With the exception of the intercept, all variables seem to have a non-linear relationship with the response variable.

plot(testing$Outstate~testing$Top10perc)

plot(testing$Outstate~testing$Grad.Rate)

plot(testing$Outstate~testing$Books)

plot(testing$Outstate~testing$Enroll)

plot(testing$Outstate~testing$Apps)

plot(testing$Outstate~testing$Expend)

As seen in these graphs, none of the chosen variables have a linear relationship with the outcome variable.

Question 11

In Section 7.7, it was mentioned that GAMs are generally fit using a backfitting approach. The idea behind backfitting is actually quite simple.
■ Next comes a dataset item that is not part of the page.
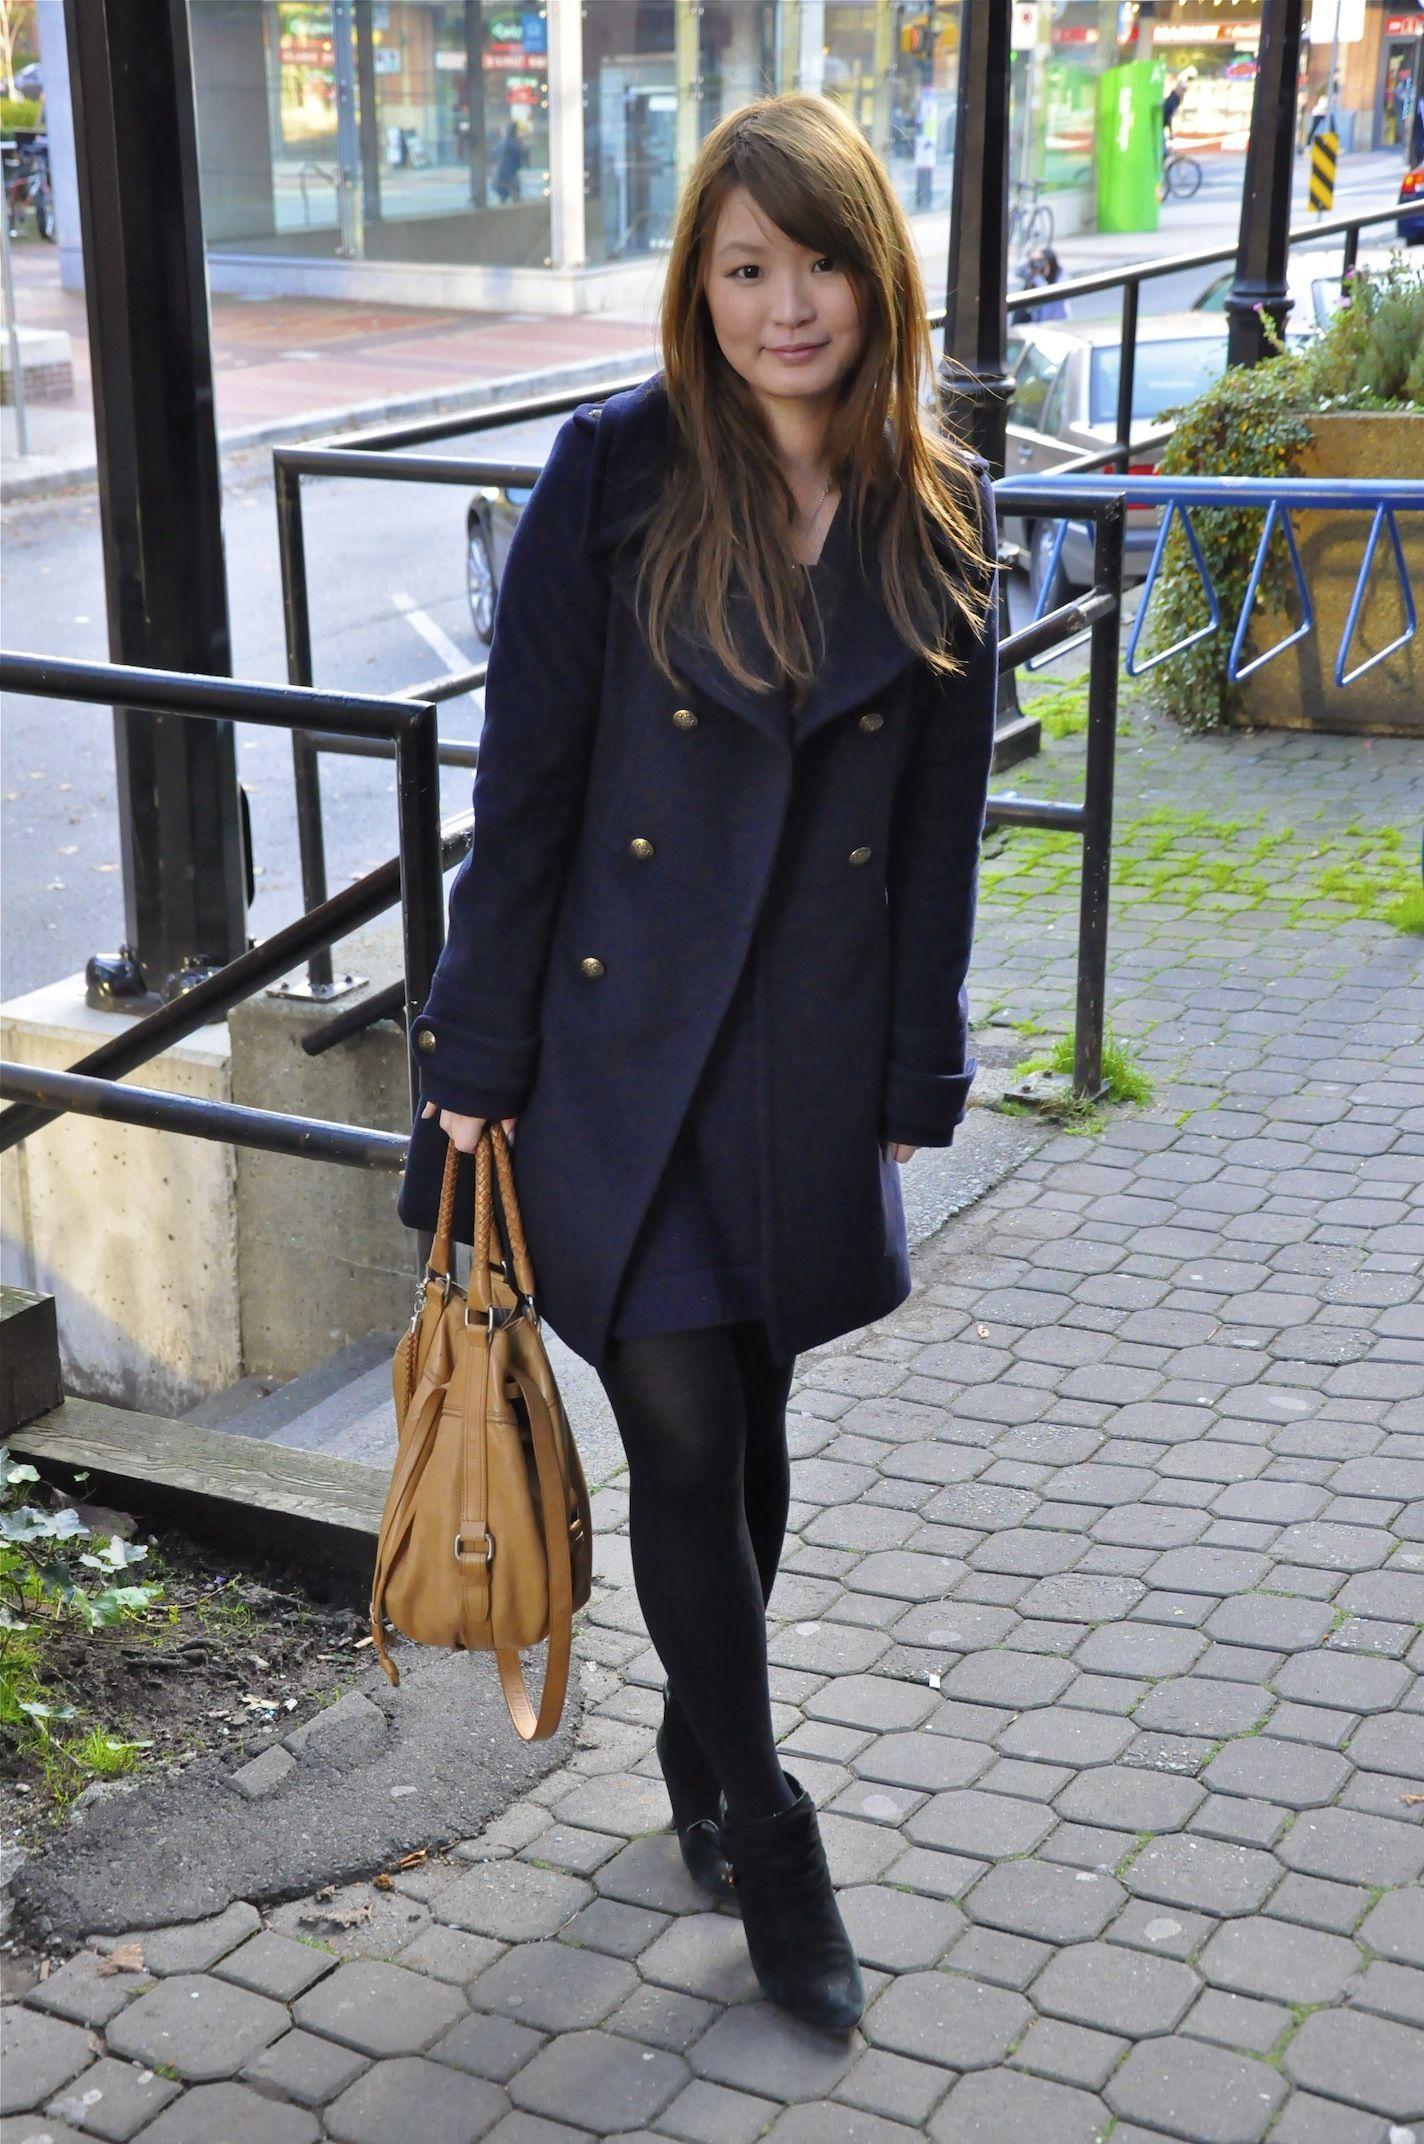 acheter la tenue sur lookastic: https://lookastic.fr/mode-femme
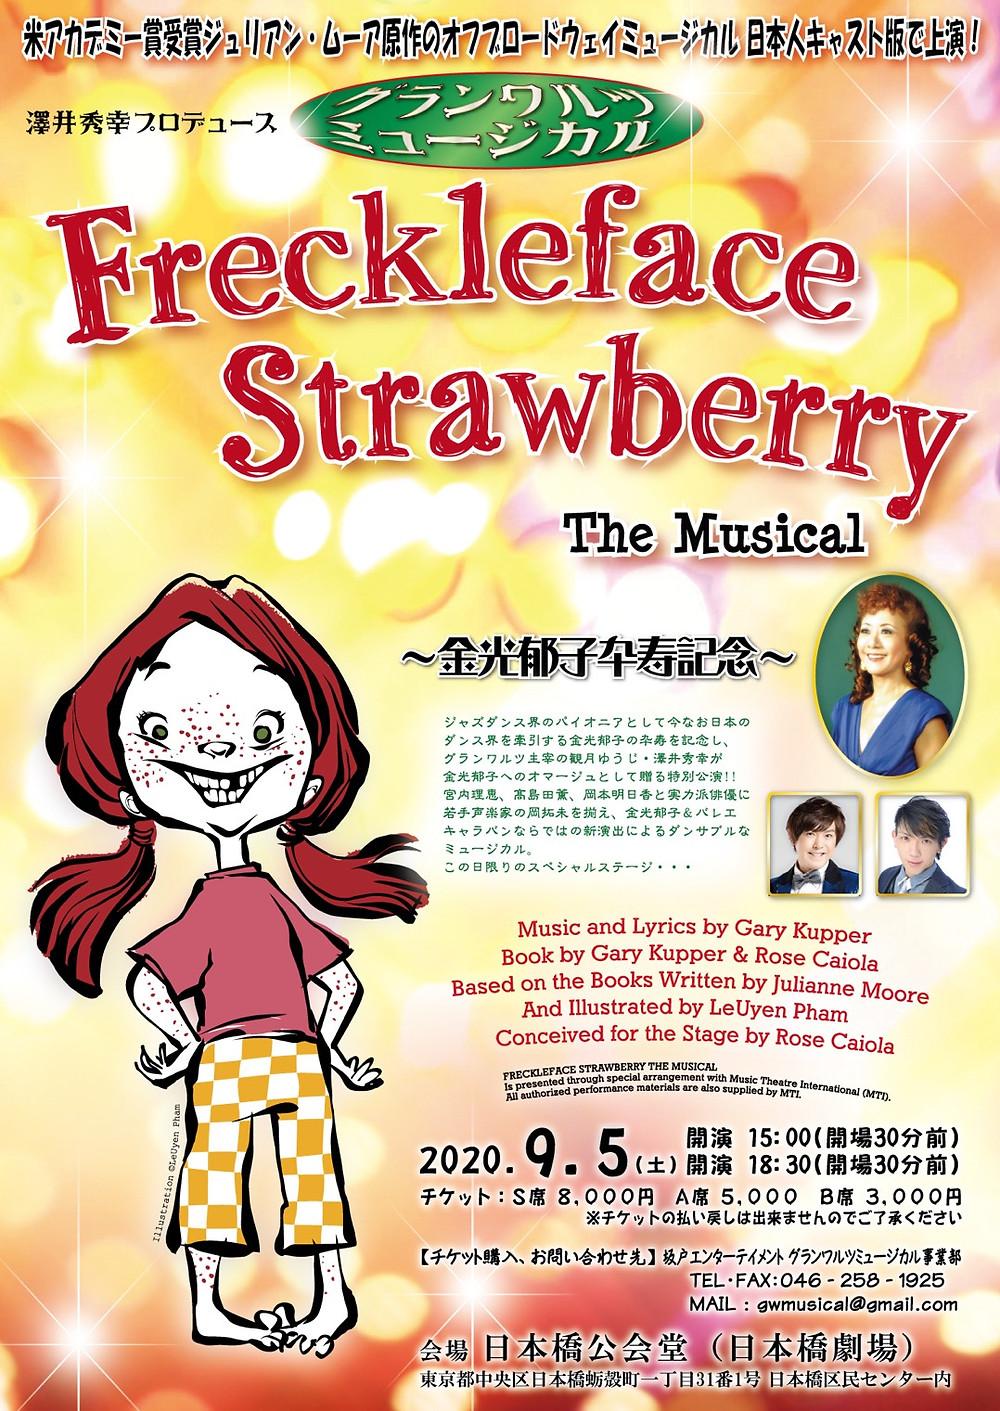 金光郁子卆寿記念「Freckleface Strawberry」 2020年9月5日 日本橋公会堂(日本橋劇場)にて

We will now explore backfitting in the context of multiple linear regression.

Suppose that we would like to perform multiple linear regression, but we do not have software to do so. Instead, we only have software to perform simple linear regression. Therefore, we take the following iterative approach: we repeatedly hold all but one coefficient estimate fixed at its current value, and update only that coefficient estimate using a simple linear regression. The process is continued until convergence-that is, until the coefficient estimates stop changing.

We now try this out on a toy example.

  1. Generate a response Y and two predictors \(X_1\) and \(X_2\), with \(n\) = 100.

  2. Initialize \(\hat\beta_1\) to take on a value of your choice. It does not matter what value you choose.

set.seed(1)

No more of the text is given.